# [SUPPLIED RECORDS]
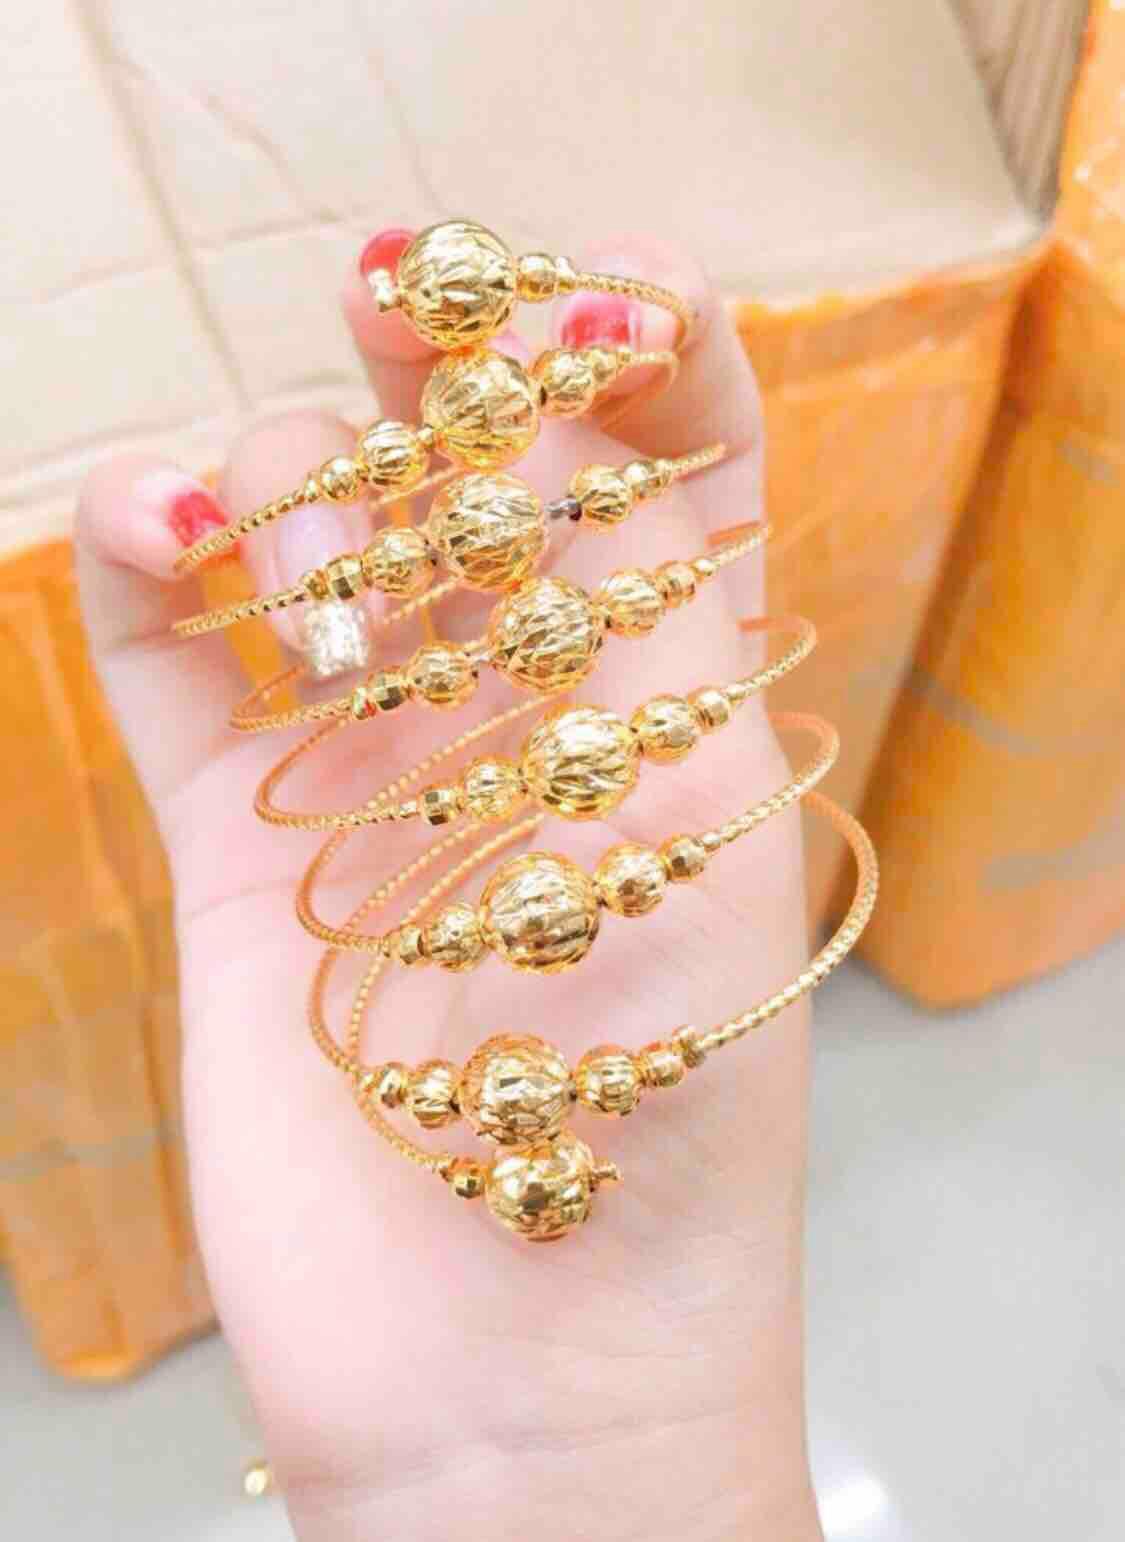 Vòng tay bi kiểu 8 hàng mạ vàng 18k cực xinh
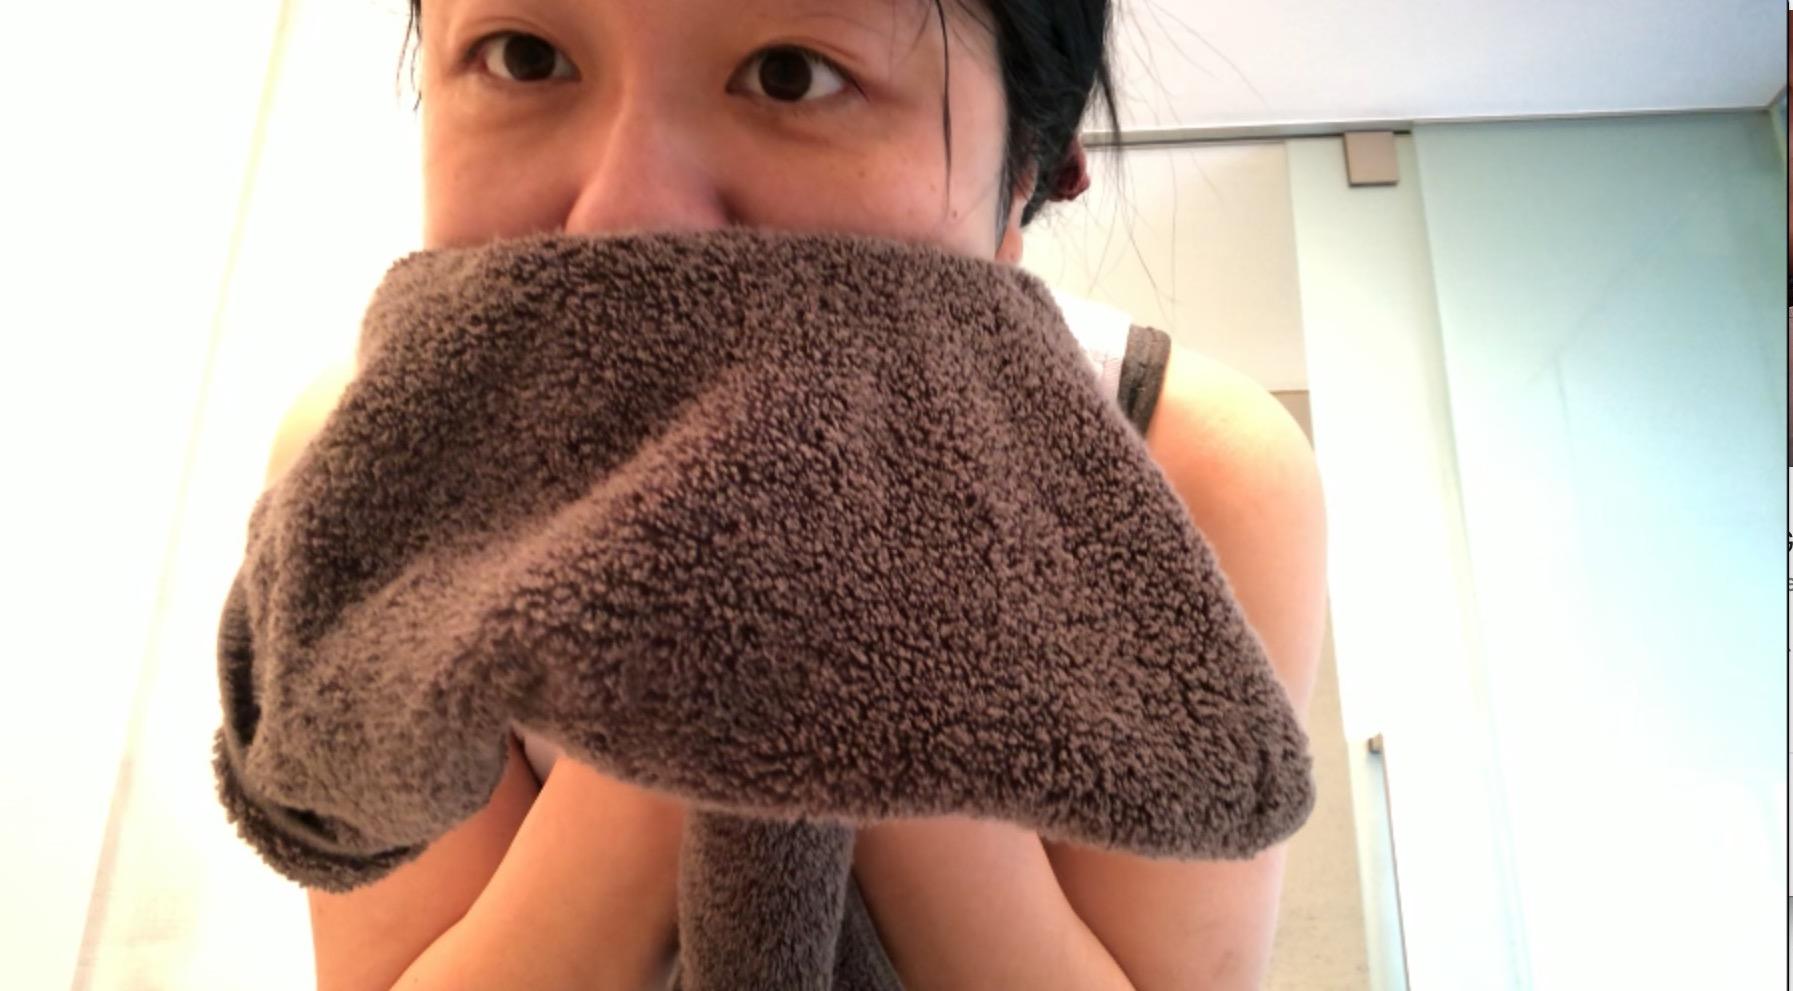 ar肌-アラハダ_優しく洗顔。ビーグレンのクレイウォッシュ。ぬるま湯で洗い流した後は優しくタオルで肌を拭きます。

==

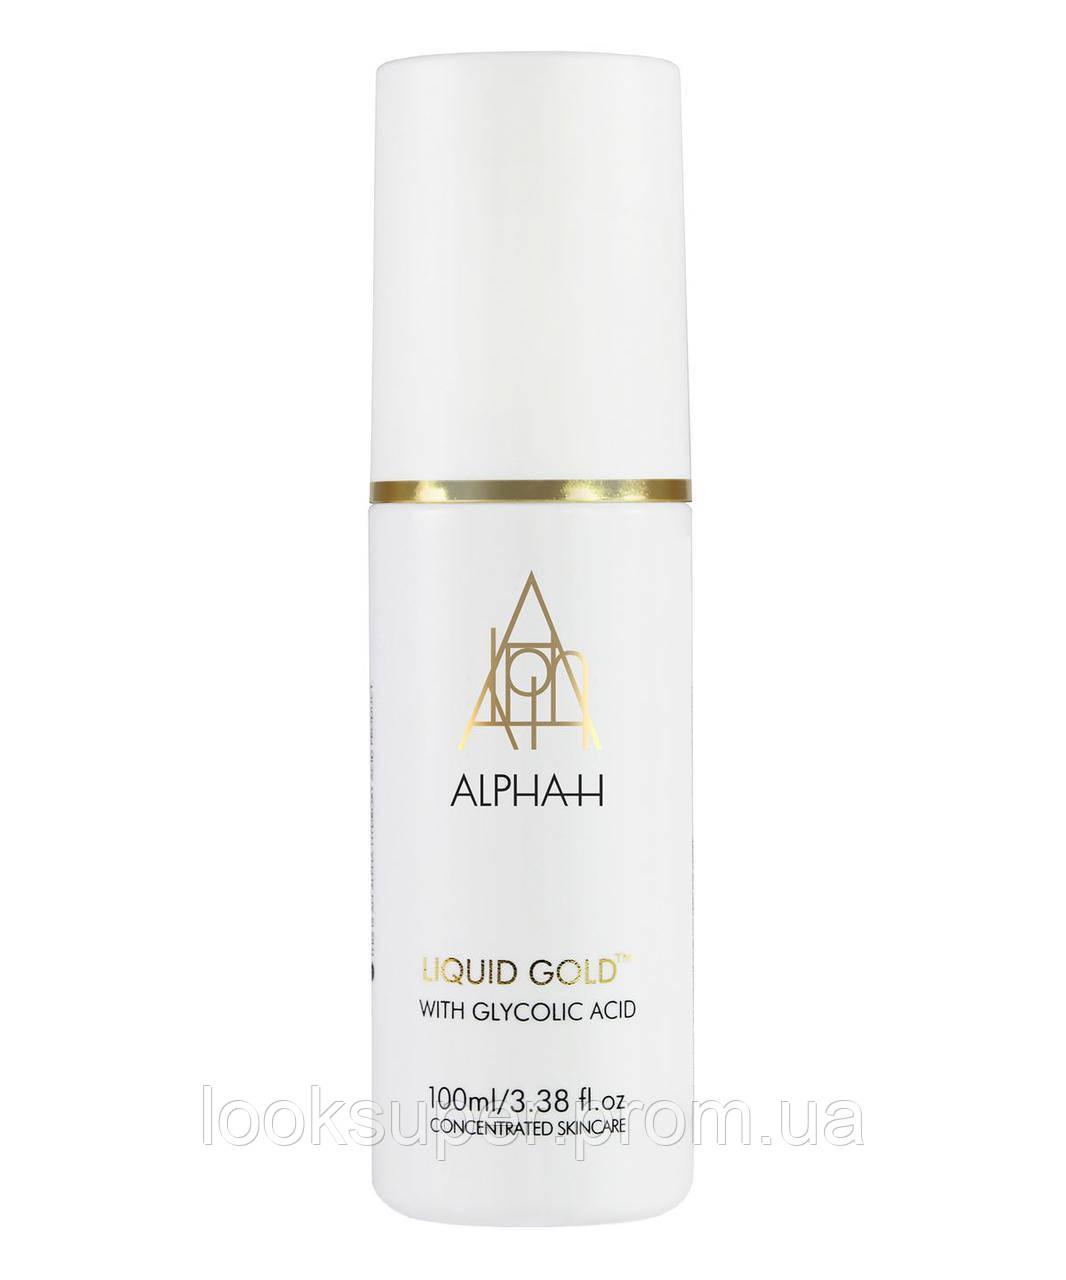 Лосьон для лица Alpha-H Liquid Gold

# [TASK TO COMPLETE]
Within the listing above, copy exactly the lines that start at the one with "Vòng tay bi kiểu 8 hàng mạ vàng 18k cực xinh" and continue through the one with "ar肌-アラハダ_優しく洗顔". Omit pictures.

# [RESPONSE]
 Vòng tay bi kiểu 8 hàng mạ vàng 18k cực xinh
 ar肌-アラハダ_優しく洗顔。ビーグレンのクレイウォッシュ。ぬるま湯で洗い流した後は優しくタオルで肌を拭きます。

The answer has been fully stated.